The fund is formally called Maryland/Israel Trendlines Fund.
How would the fund work?
The incubators in Israel have been so successful that they've been able to attract private investment. They ended up privatizing the whole system, which means the government sold licenses to operate incubators to private investors. …
Trendlines, when they set up their fund, they set it up in order to become a private investor of two Israeli incubators.
Trendlines markets the incubators to Israeli entrepreneurs and gets the deals they want to invest in with their own funds. Entrepreneurs go into the Trendlines incubators, and Trendlines invests in them and supports them. The government puts $500,000 in each company.
What we're doing is our new fund is also investing in those companies that go into the two incubators.
Half a million coming from the government is a huge leverage for private investors. …
We're evaluating what companies to invest in. We're looking to make our first few investments by the end of the year. We hope to have three or four investments.
How will MIDC's for-profit venture benefit Maryland?

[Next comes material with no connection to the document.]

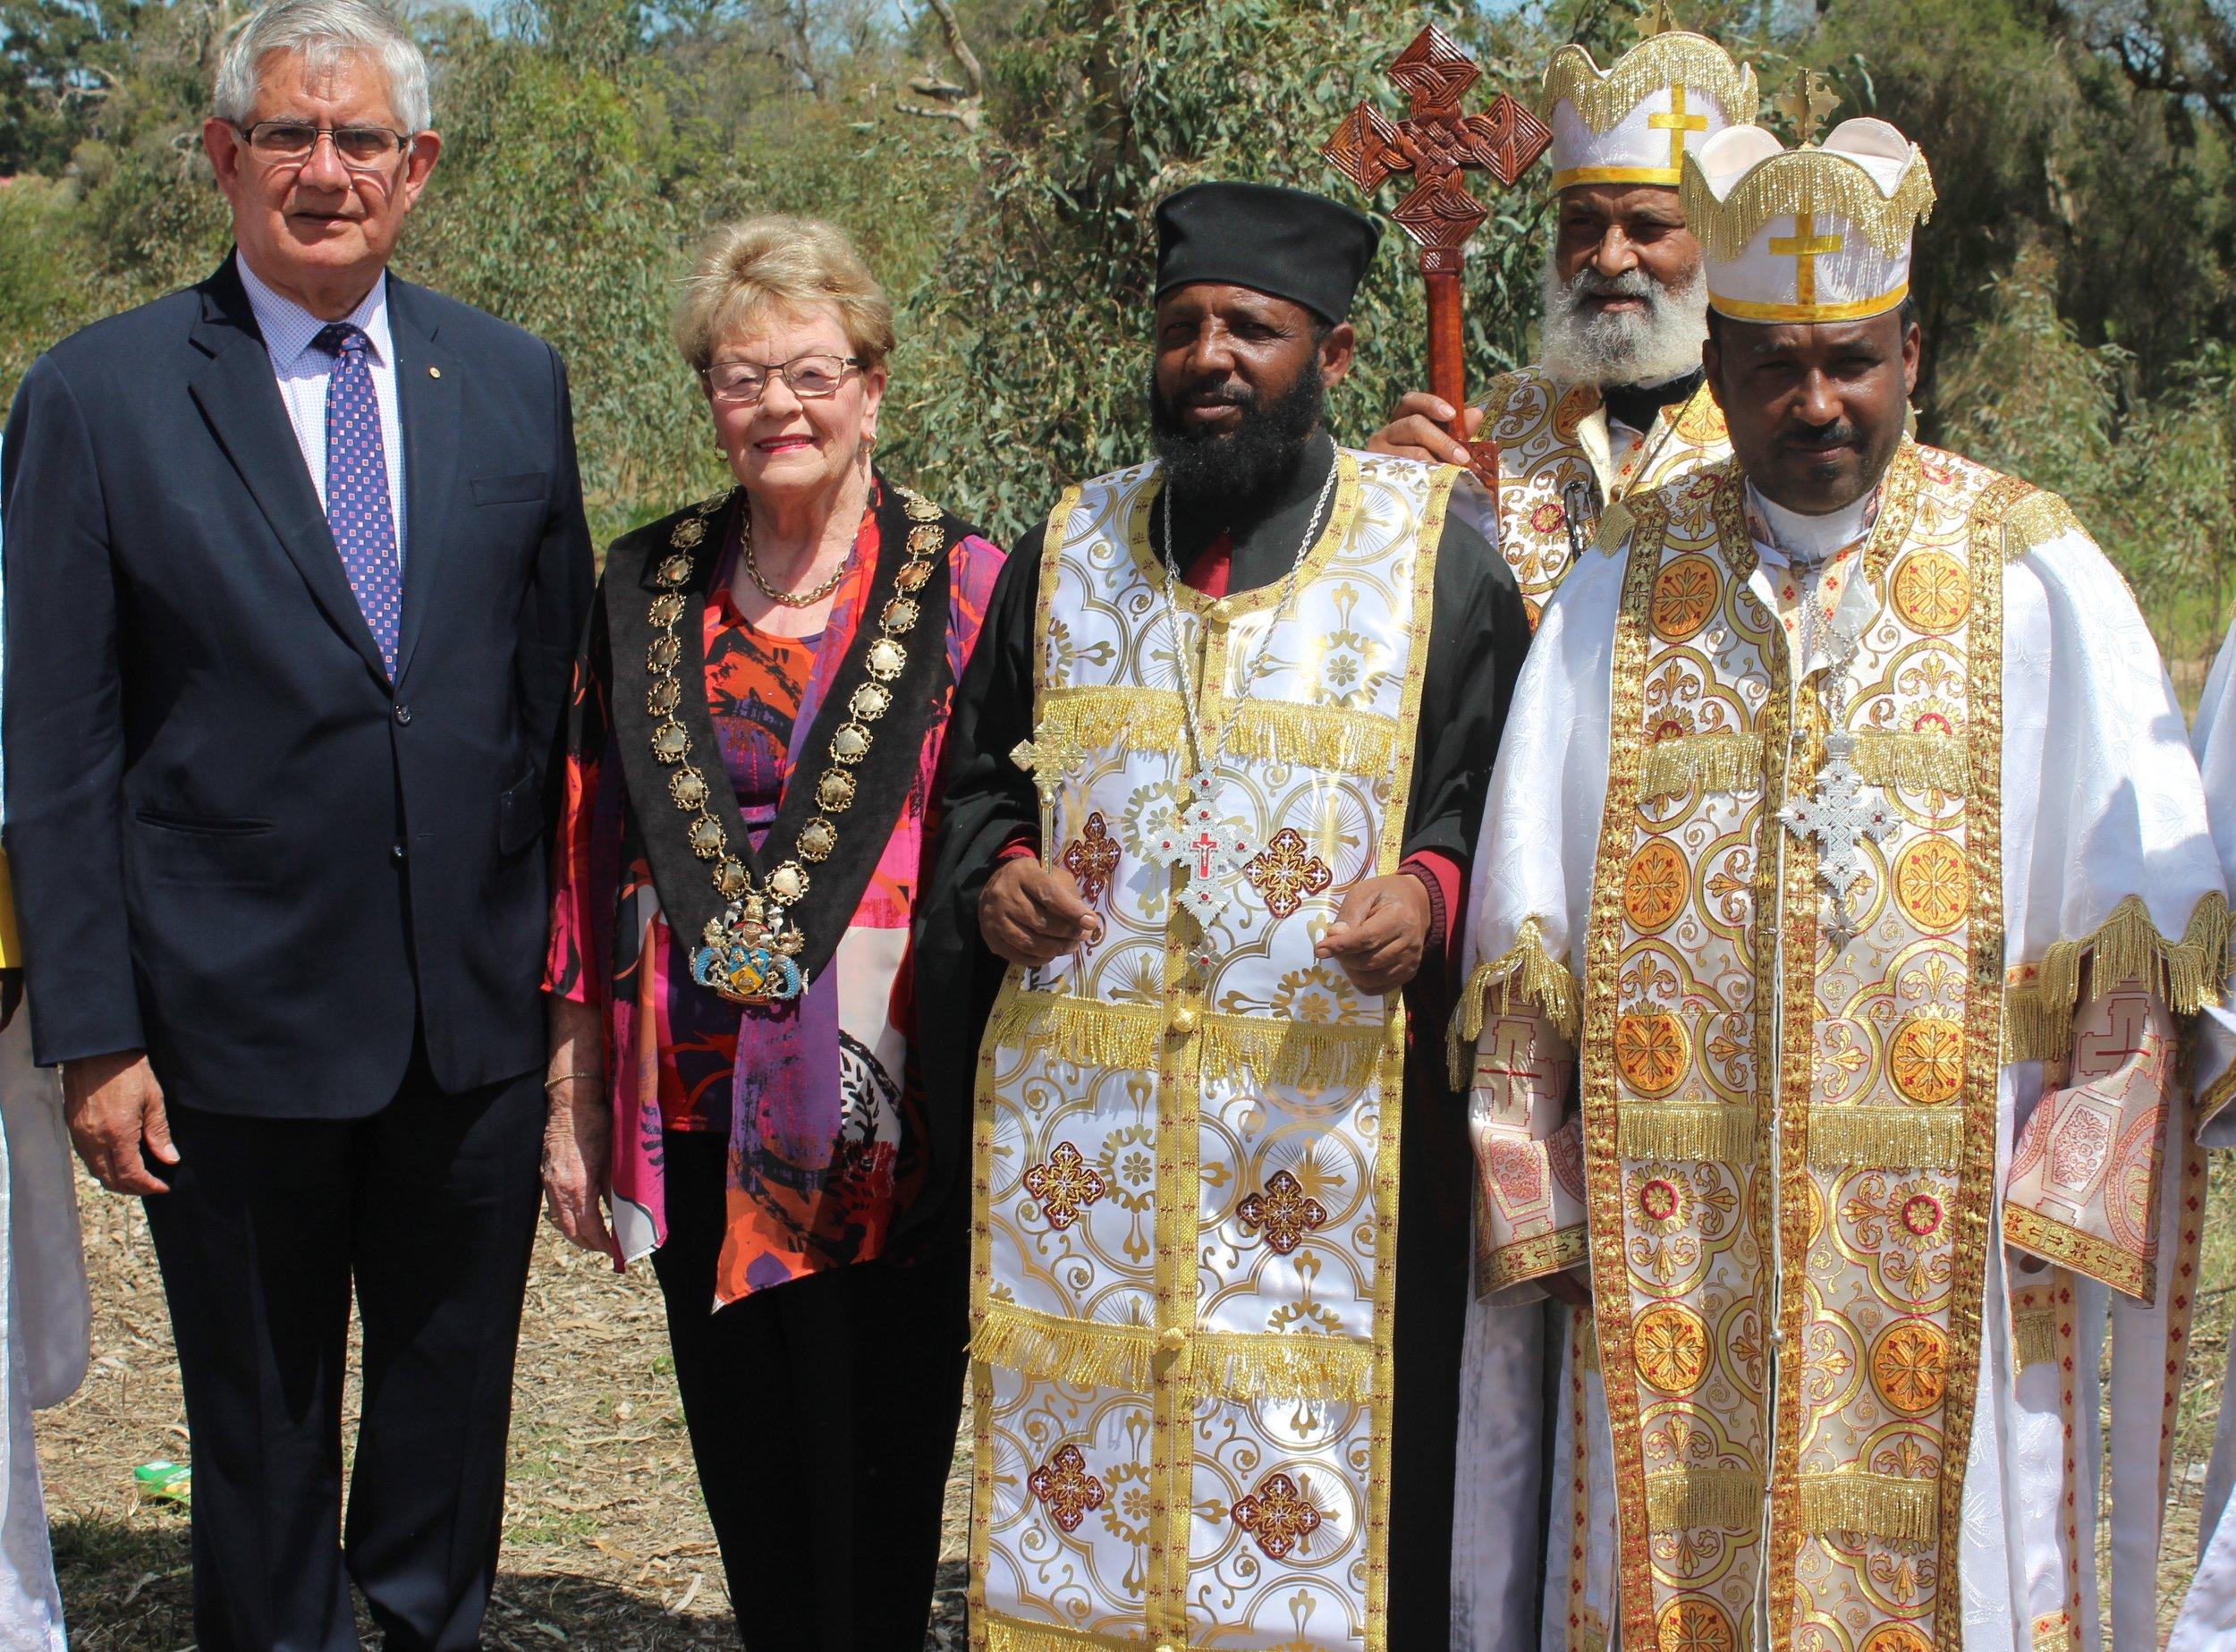 Ethiopian Orthodox Tewahedo Debre Amin Abune Teklehaimanot Church Inc., Kenwick -

We have target industries. One is life sciences, primarily in medical devices; and the other is green tech, which has two pieces. One is in environmental technology and the other is agricultural technology.
So in these fields, particularly in biomedical, companies have to do clinical trials to submit to the FDA (Food and Drug Administration).
We'll work hard to introduce them to scientists at Hopkins and Maryland and all those places so they could do trials here. It'll take a few years to finish a product. When they do, with all the contacts we've developed for them, it'll be natural to open their U.S. offices in Maryland.